*** Opening THE DATA ***

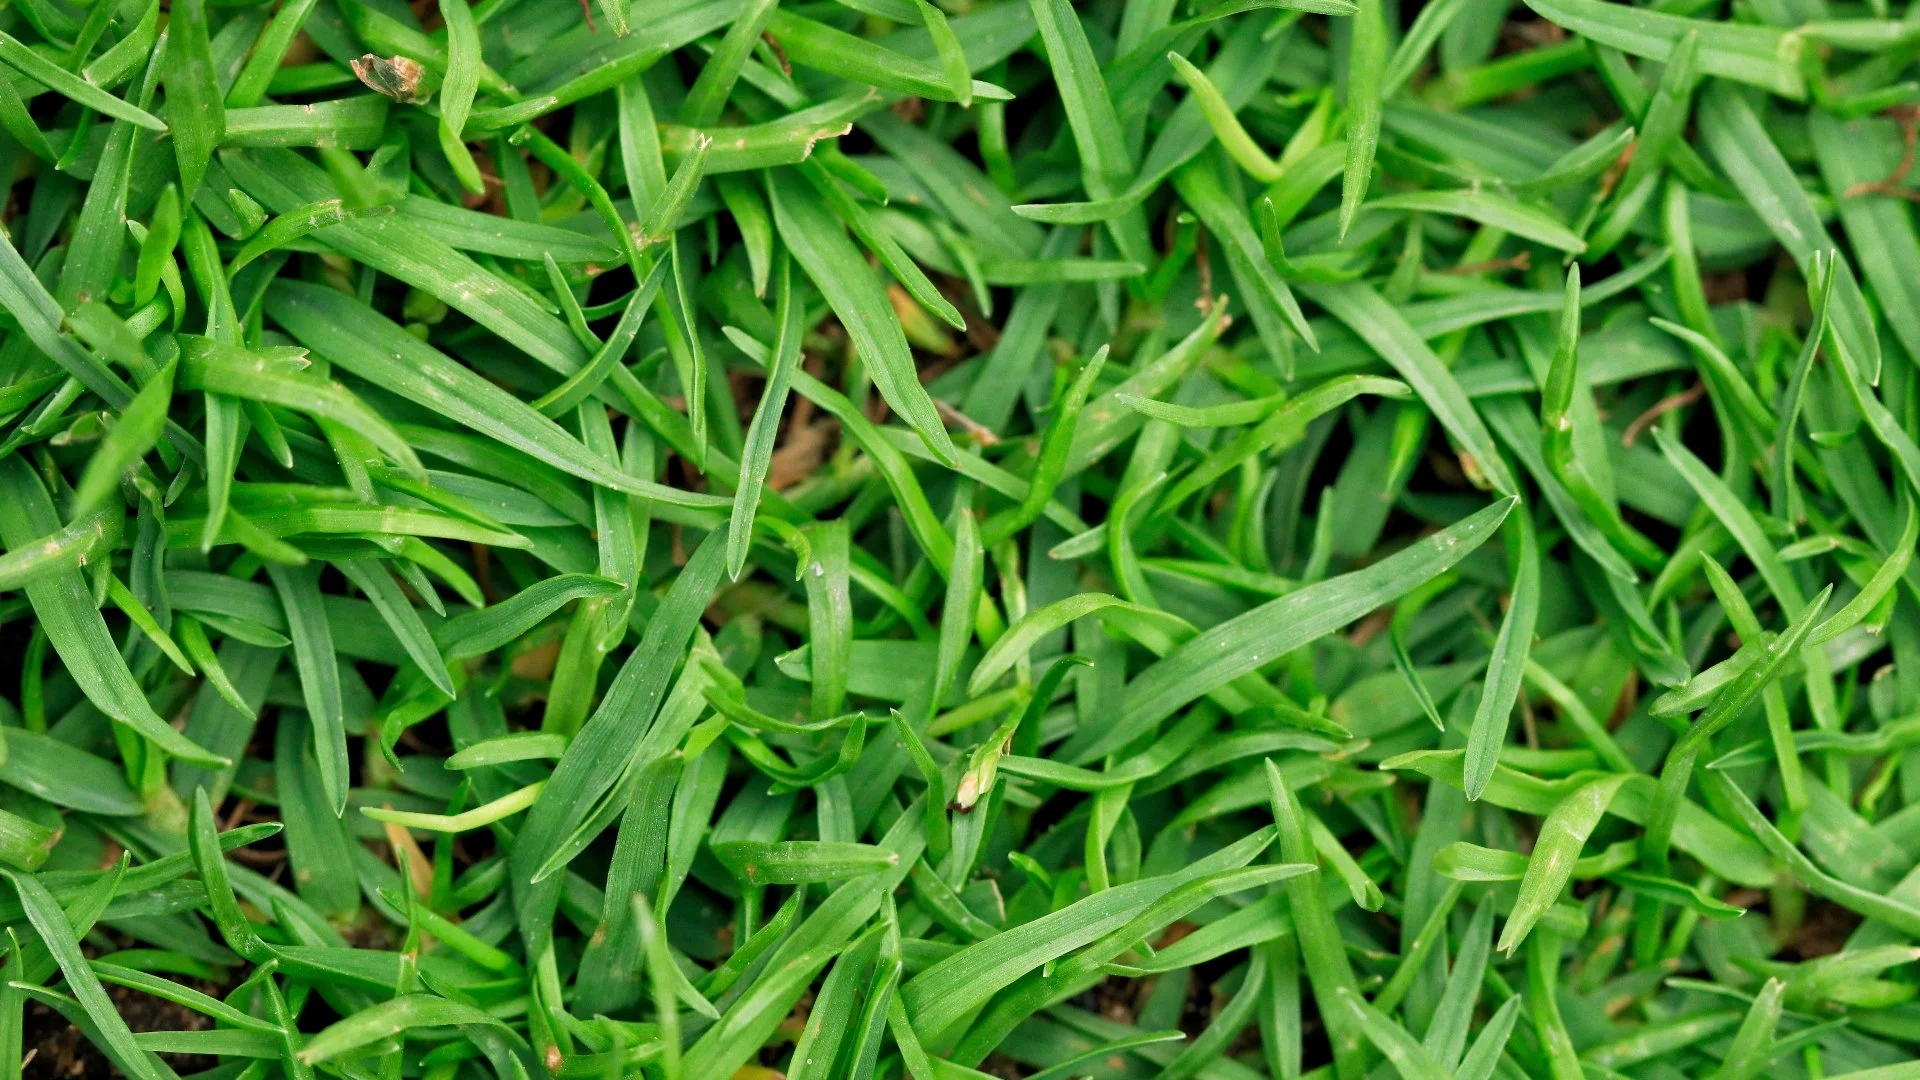 What Type of Fertilizer Is Best for Your Lawn in the Spring?
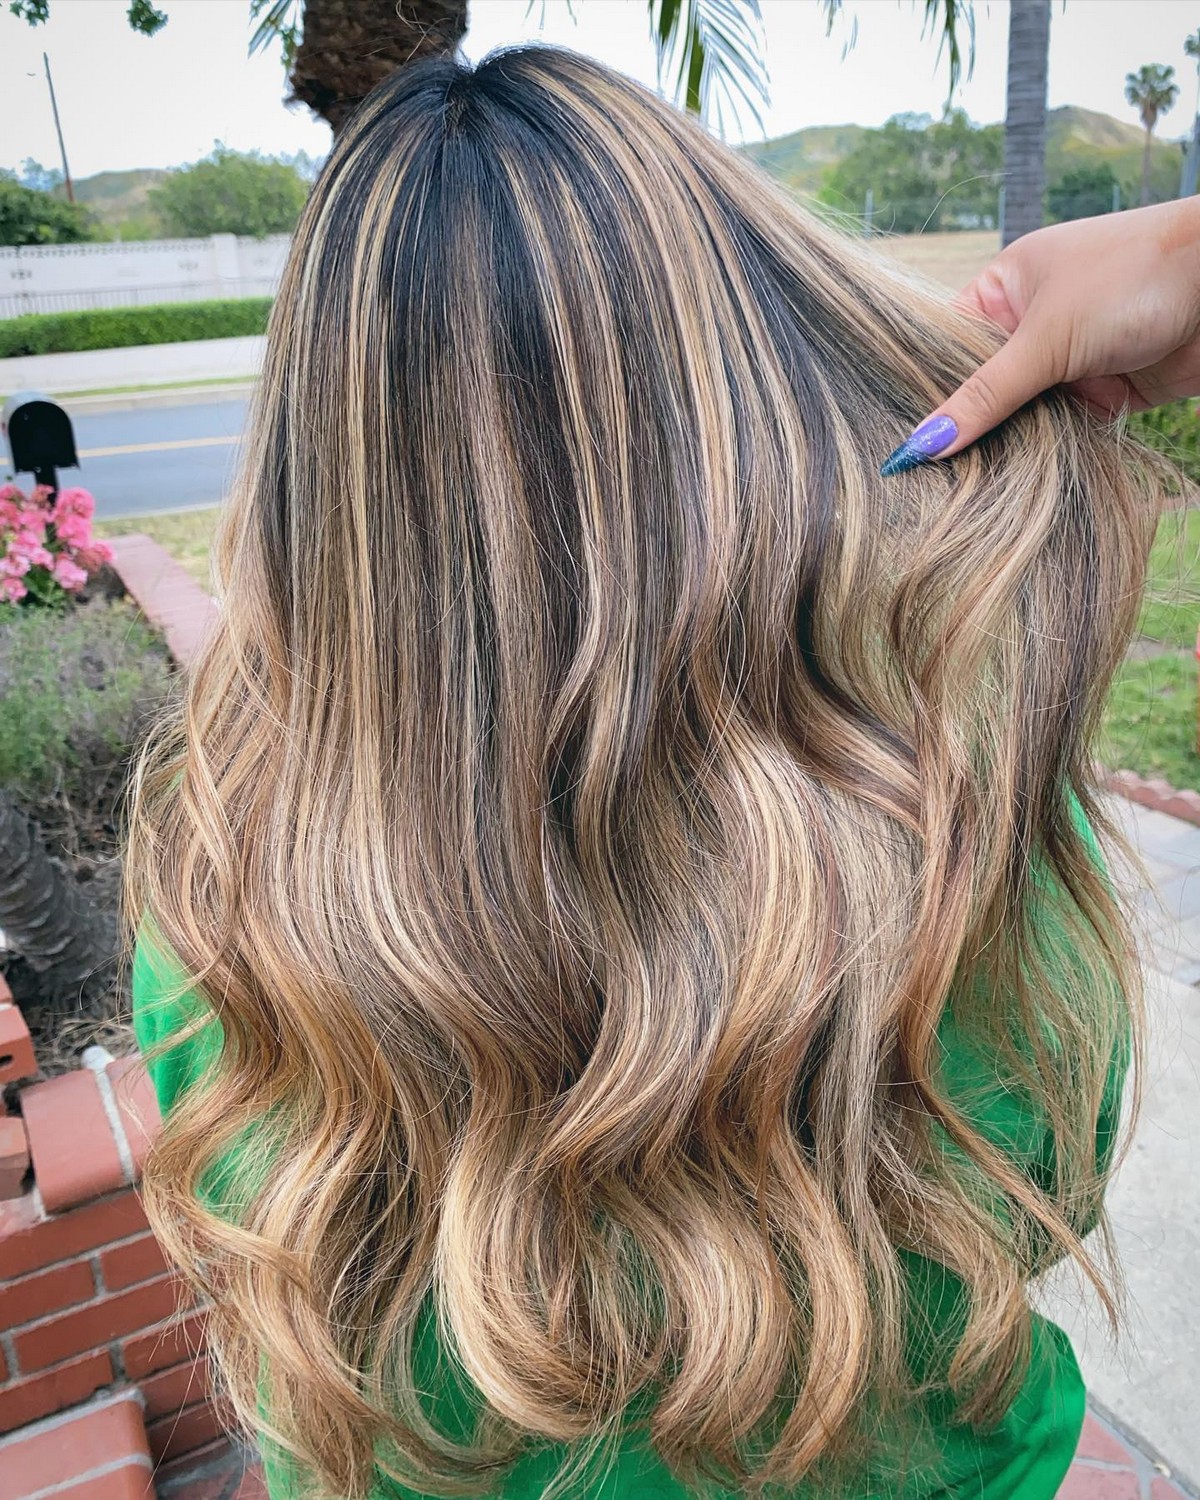 Honey Caramel Blonde Highlights With A Balayage Effect On Black Hair
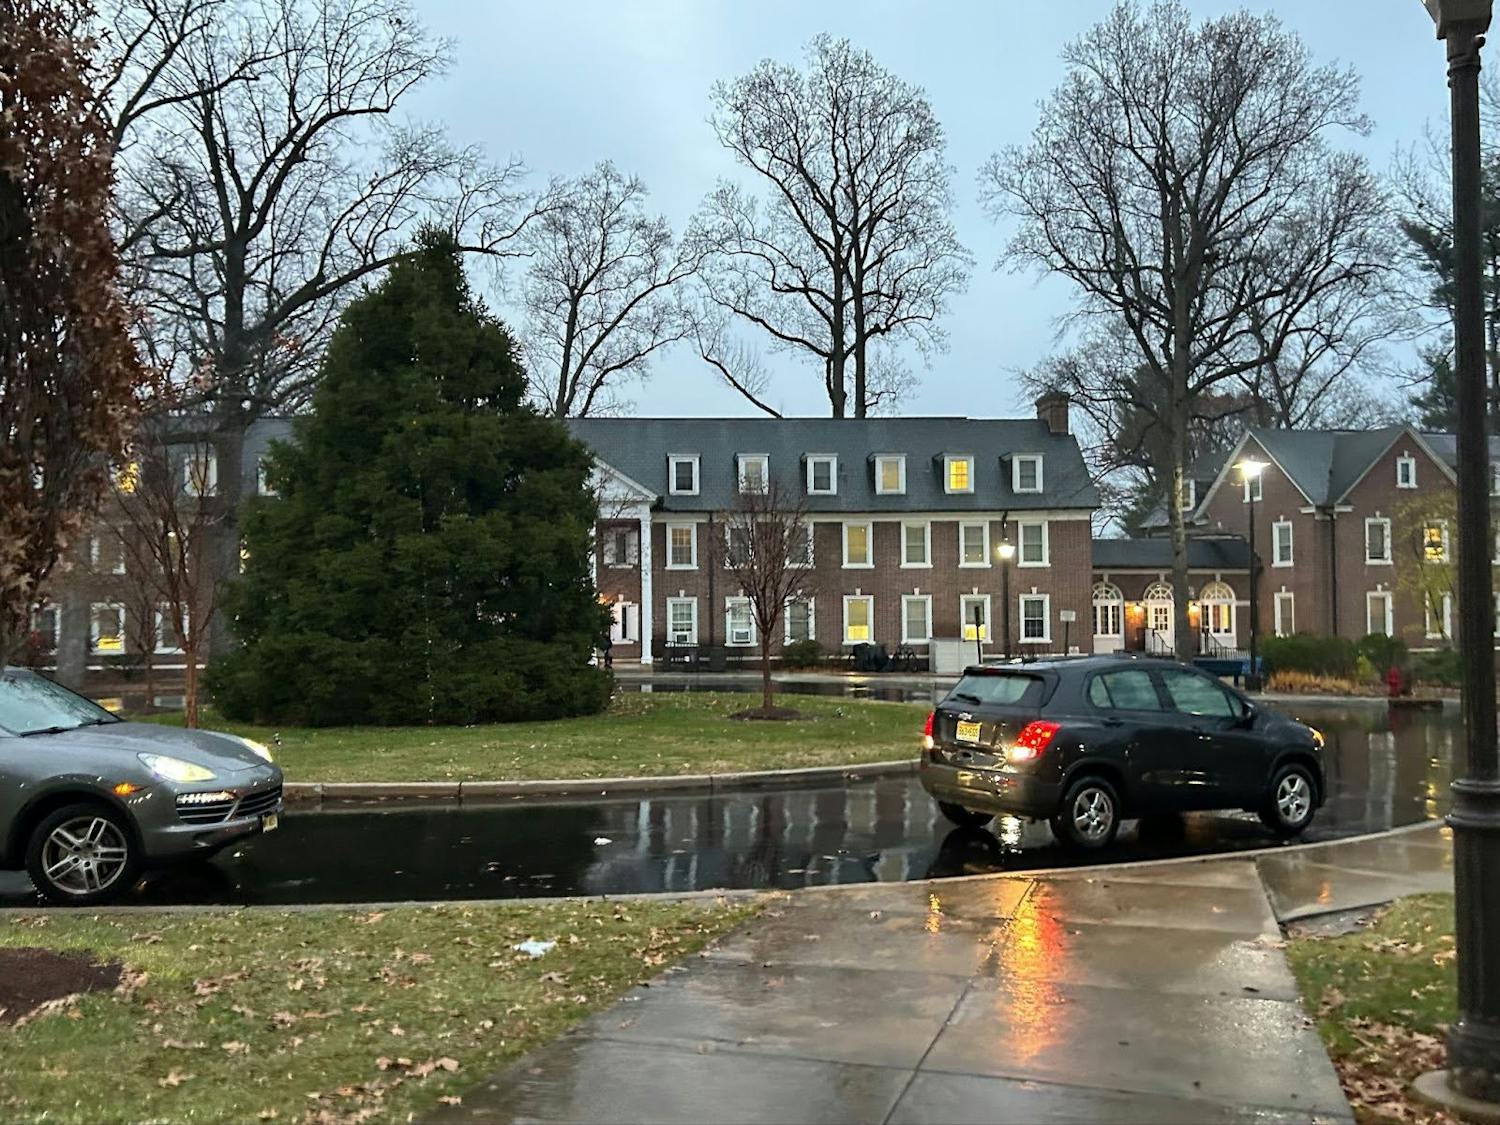 Cars located after Allen, Ely and Brewster Halls on Friday, Dec. 1. Many parents were seen picking up students for the weekend in order to take them home (Photo courtesy of Briana Keenan).
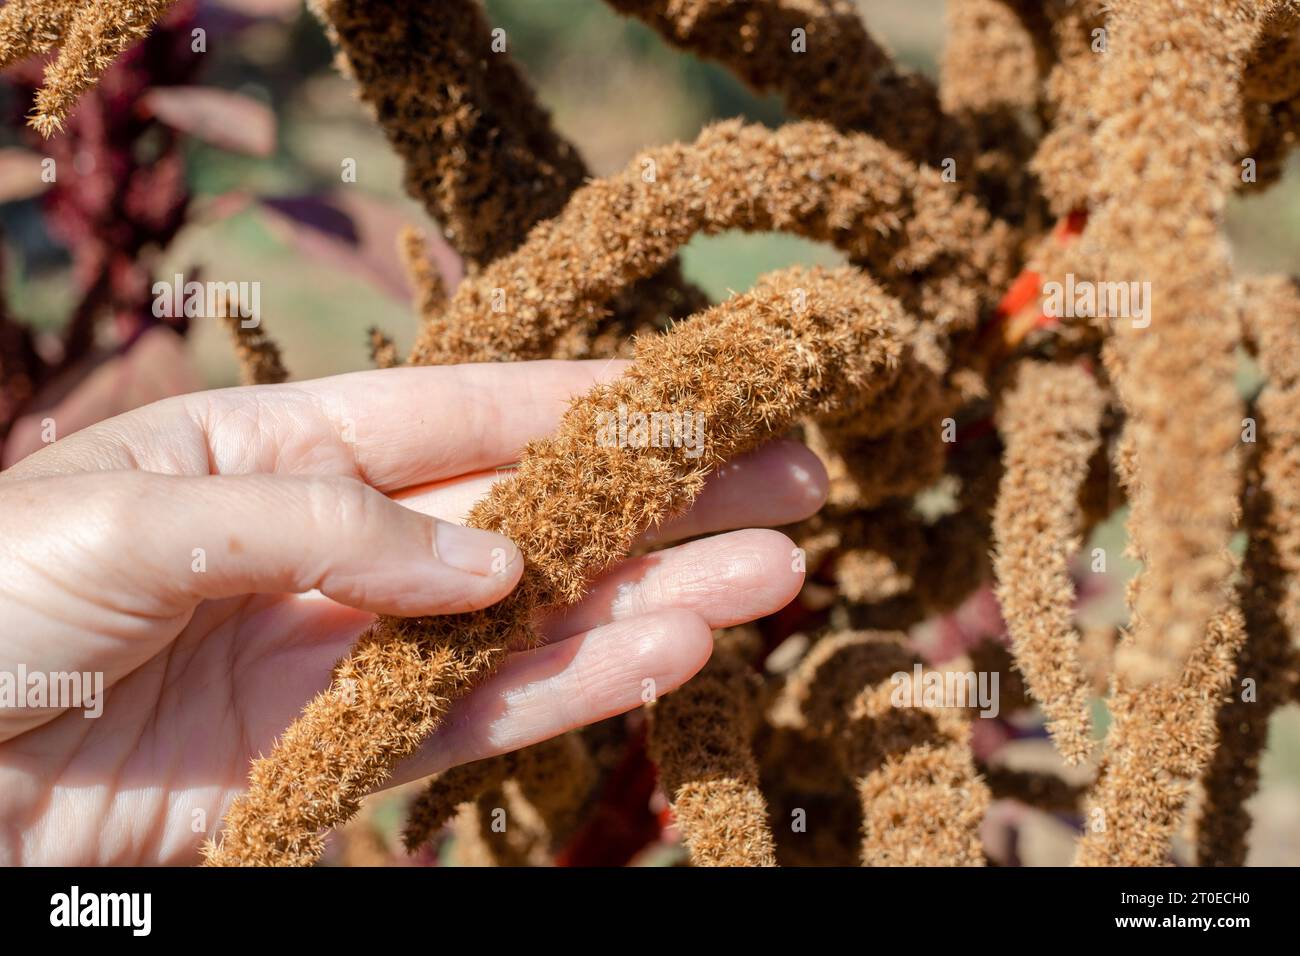 The gardener holds the ripened seeds of the agricultural plant vegetable amaranth in his hand. Stock Photo

*** Closing THE DATA ***

§ WHAT THIS TASK INVOLVES
Repeat the lines from the line containing "Cars located after" through the end of the material above exactly, with no pictures and nothing else.

§ REPLY
 Cars located after Allen, Ely and Brewster Halls on Friday, Dec. 1. Many parents were seen picking up students for the weekend in order to take them home (Photo courtesy of Briana Keenan).
 The gardener holds the ripened seeds of the agricultural plant vegetable amaranth in his hand. Stock Photo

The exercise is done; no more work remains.